Multiple Folds, Mucosal Show Repair, Lash Lifting Correction, Ectropion, Asymmetric Ptosis — Converting an Out-Fold to an In-Out Fold

A patient I operated on recently came in for her four-month follow-up, so I am taking the opportunity to walk through her case.

She had previously had an incisional ptosis correction at another clinic and arrived with significant scarring and noticeable mucosal show.

And asymmetry on top of that.

Under low light, the scarring is more obvious.

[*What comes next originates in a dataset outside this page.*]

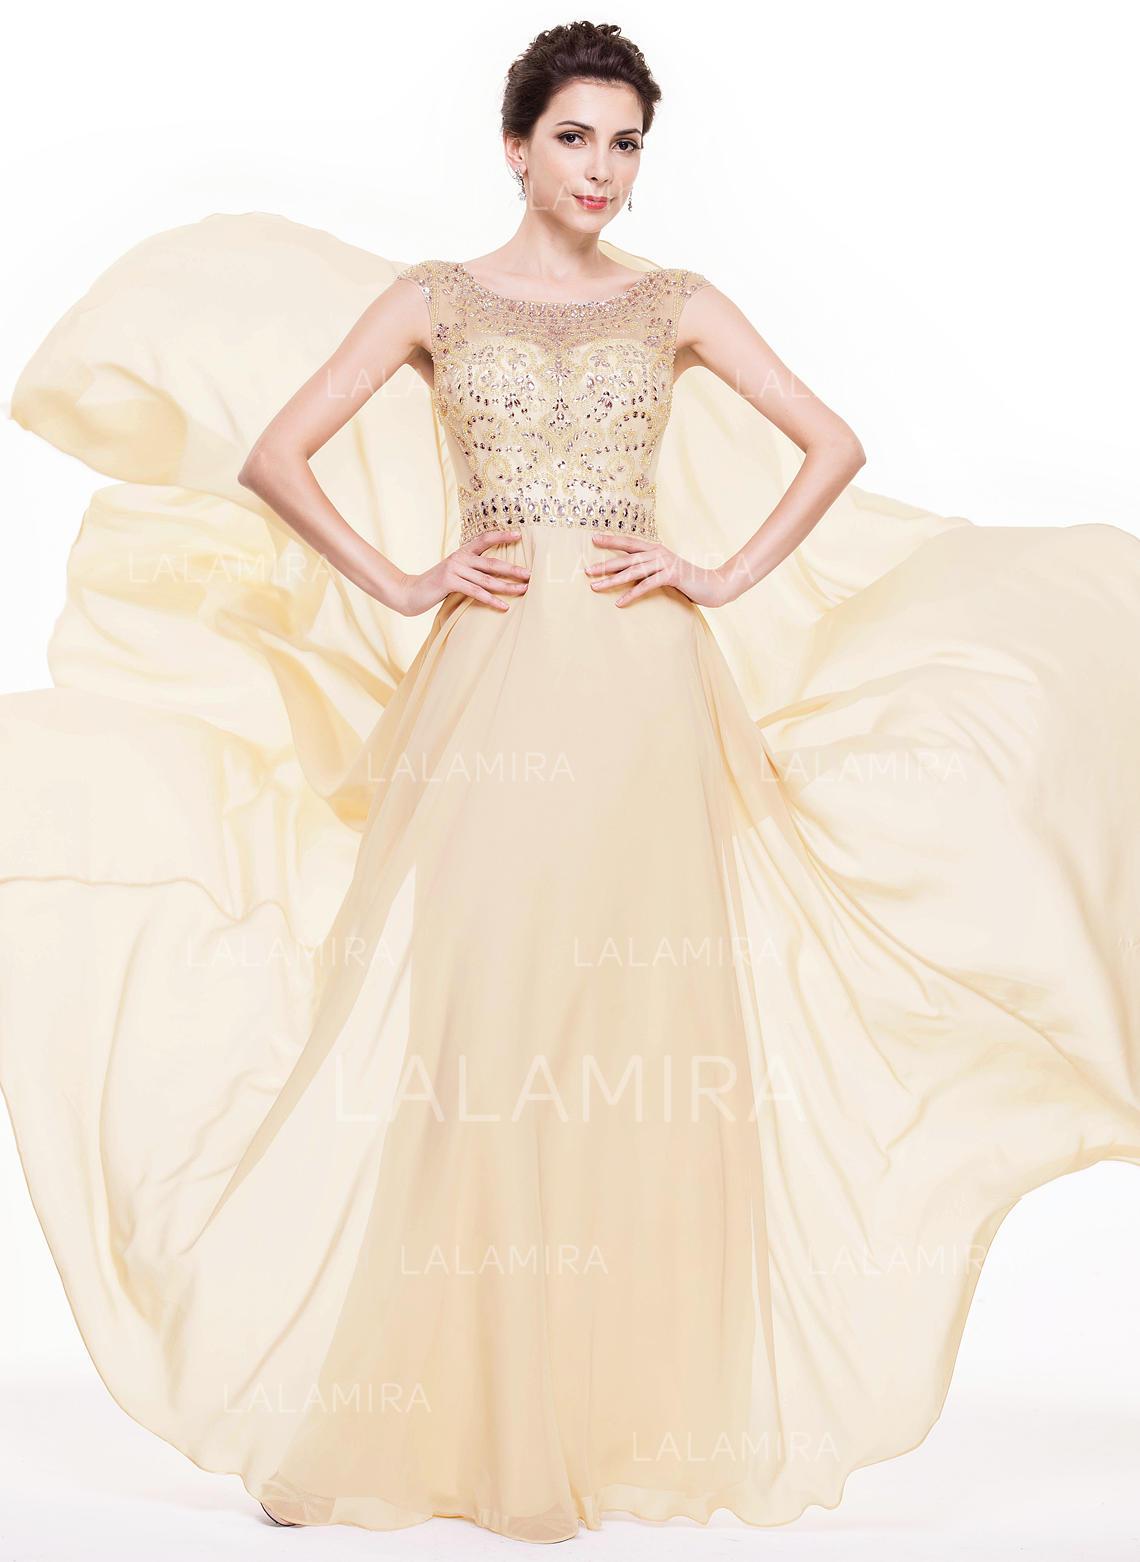 cb3256e30a8 A-Line Princess Chiffon Prom Dresses Beading Sequins Scoop Neck Sleeveless  Floor-Length. Loading zoom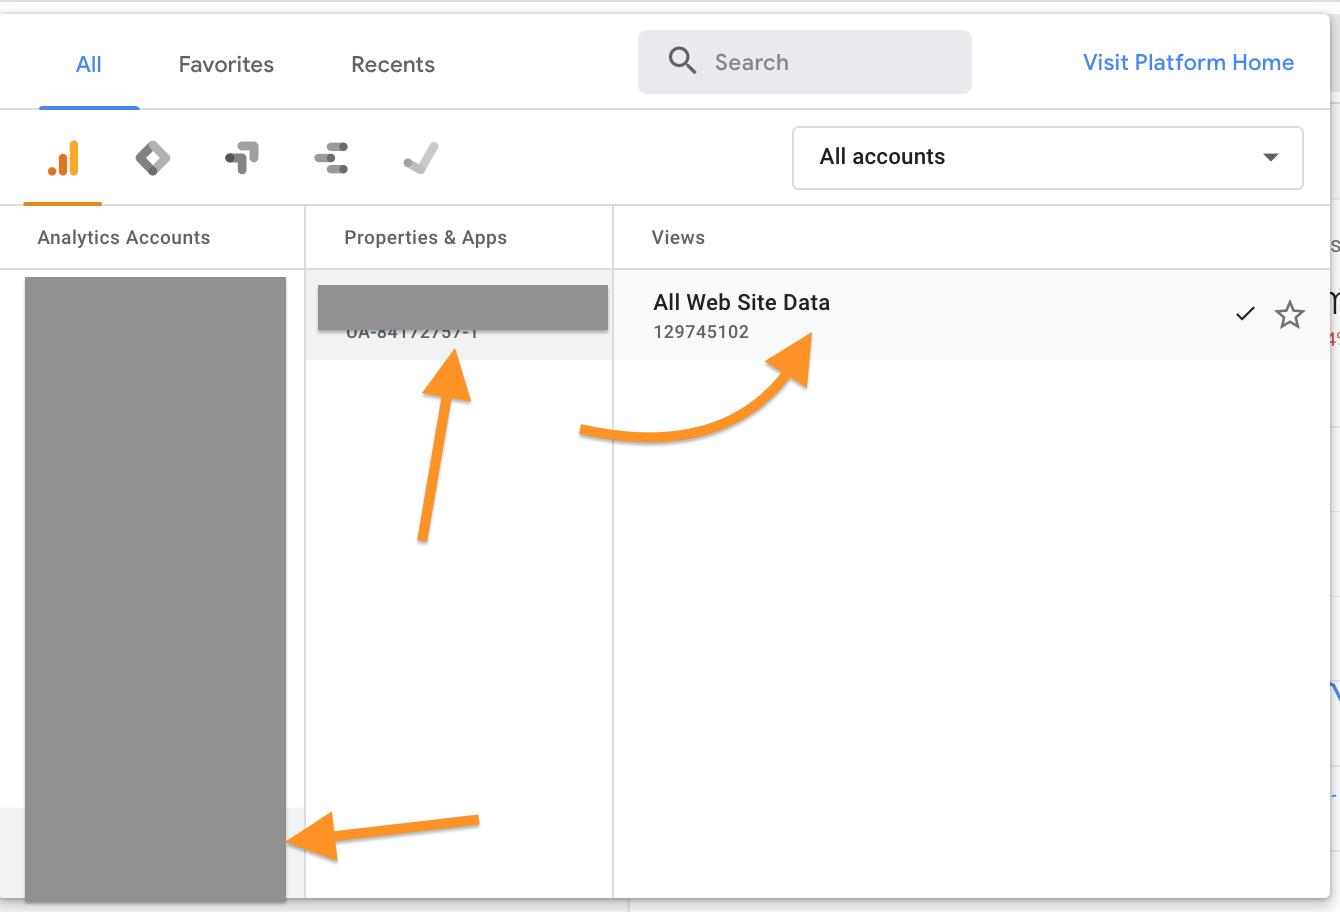 account < property > view google analytics screen capture

Look at her left eye (the right side of the photo). After her prior ptosis correction:

There was a depressed scar near the epicanthal fold from forcing the crease into an out-fold, and the multiple folds above it were severe.

On top of mucosal show.

Her opposite eye looks slightly sleepier. In bright light, the levator function on that side is clearly weaker. There is some right-sided facial asymmetry as well, but we can still bring the two sides closer with surgery.

Surgical goals:

Lower the crease.

Address the mucosal show and lash lifting as much as possible.

Convert the out-fold to an in-out fold.

Bring the pupil heights as symmetrical as possible.

Resolve the multiple folds.

We set the new crease low and released the existing adhesions.

For the multiple folds, I personally avoid fat grafting whenever possible, so this patient was managed without any fat graft.

I usually address mucosal show and lash lifting in the same operation, but I never make them the main goal. Setting the fixation gently and at the correct low height usually corrects mucosal show on its own. Going after it aggressively risks functional problems, so I keep it as a secondary objective.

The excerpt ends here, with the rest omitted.